Caroline Leavitt: Girls in Trouble
978-0312339739 – paperback – St. Martin’s Griffin – $14.95
Sometimes you get lucky. There are books you find by accident, maybe you choose them just to browse, not meaning to become engaged, they’re discoveries, books you would not “normally” have picked up to read, they surprise you, you’re hooked, and then you can’t stop reading. For me, reading Caroline Leavitt’s Girls in Trouble was just that sort of a book. In this case I read it because she wrote me an email and asked if she could send me a copy of the book, which was easy enough for me to agree to. When it came, I picked it up, the story line described on the cover has some personal resonance, so I took a chance and started reading. And then found I could not put it down. Reading Girls in Trouble was a constant surprise and revelation. It took me places I did not expect to go, it gave me characters I wanted to know and know better, and I believed in their experiences. And it’s a big plus that Caroline can really write.
I don’t want to give any of the story away, but suffice to say, what happens to the people in this book is not what you expect, and reading it will help you understand something important about families, relationships, and parenting. Not the easy, feel-good poster stuff from the movies either. I recommend this book to almost any kind of reader, male or female, old or young, literature readers and even those who just like to be entertained. It’s that good.
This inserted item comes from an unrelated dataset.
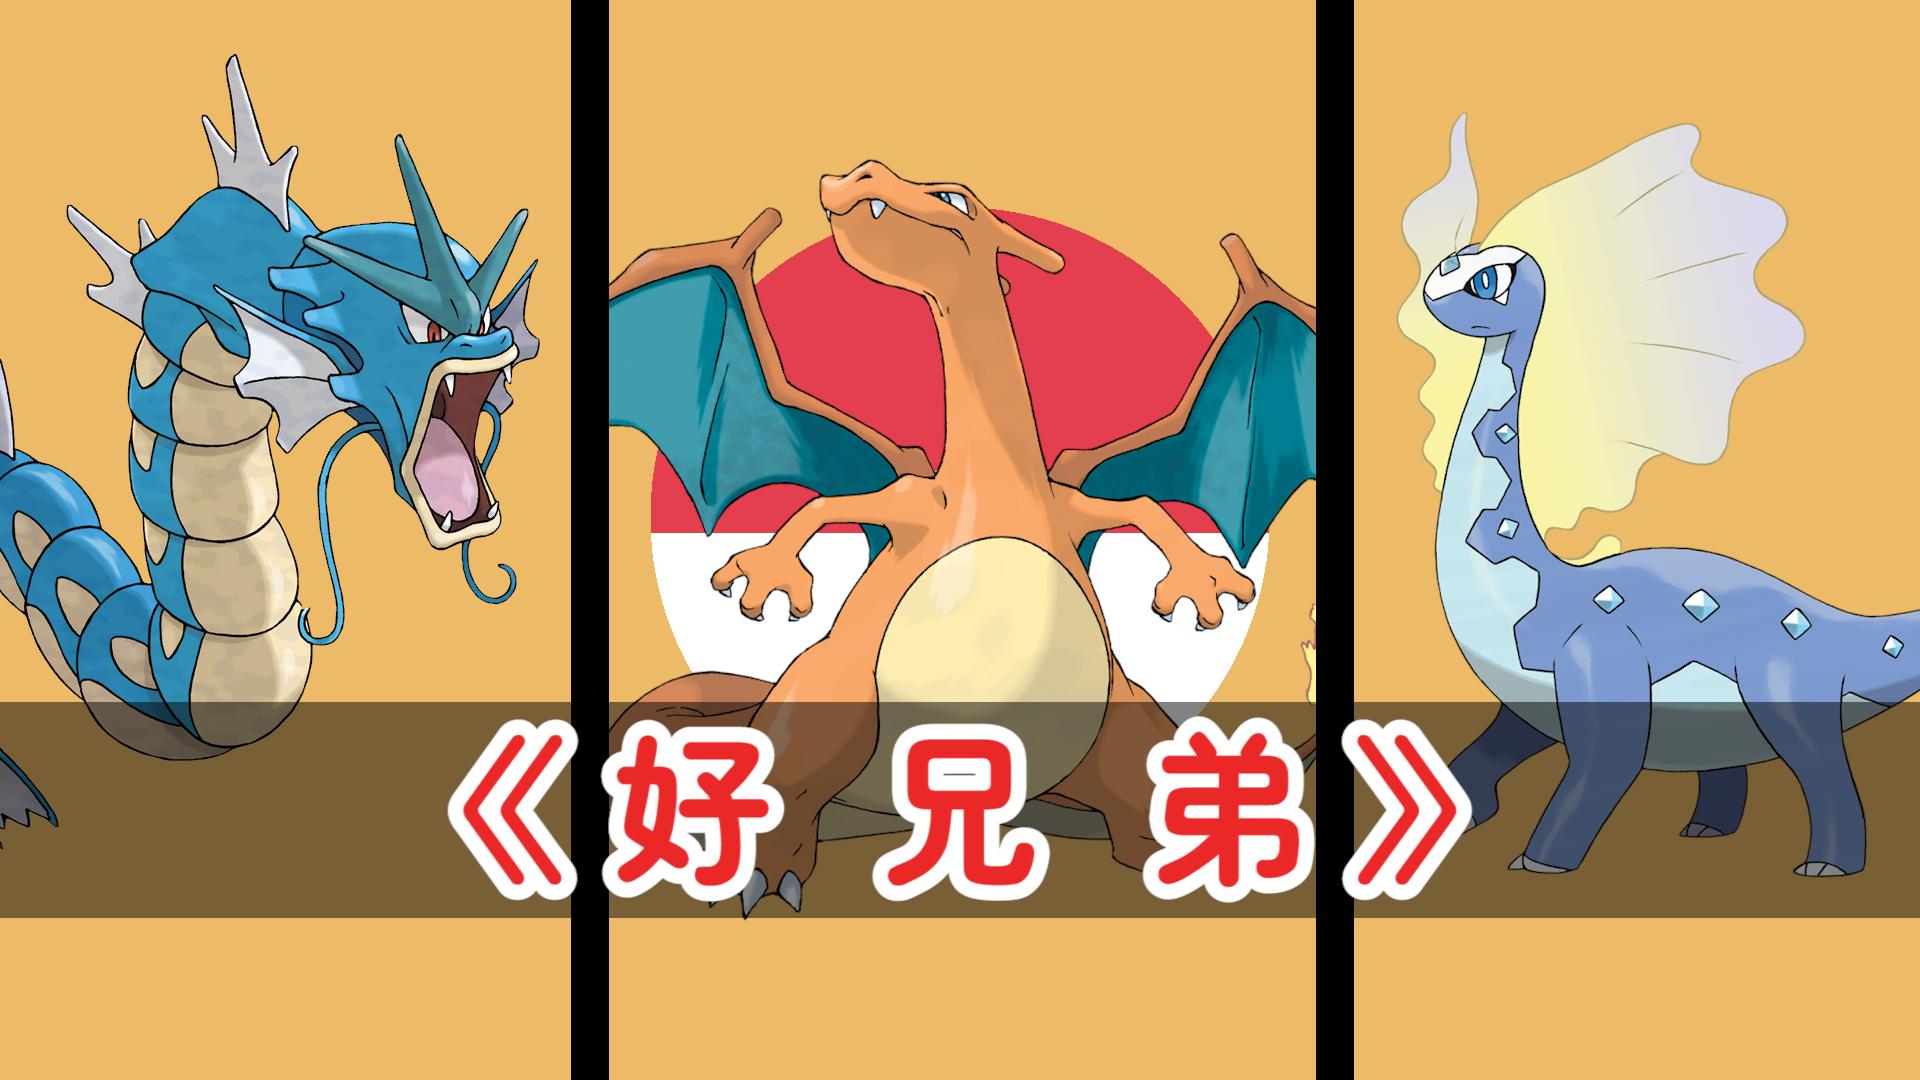 【聊宝可梦】那些叫龙,却不是龙的宝可梦

Given how much I liked this book, interviewing Caroline Leavitt was quite a pleasure. She has a lot to say about writing, and the way she interacts and lives with her characters, and how this and her other books came into being. Girls in Trouble is a rich vein to mine for an interview too, as it works on so many different levels and across so many lives and years, and of course because it is centered around an open adoption gone terribly wrong, it generates a certain amount of controversy and that gives the author another great subject to talk about. I am very much looking forward to reading her next novel, Pictures of You (which we also talked about in this interview).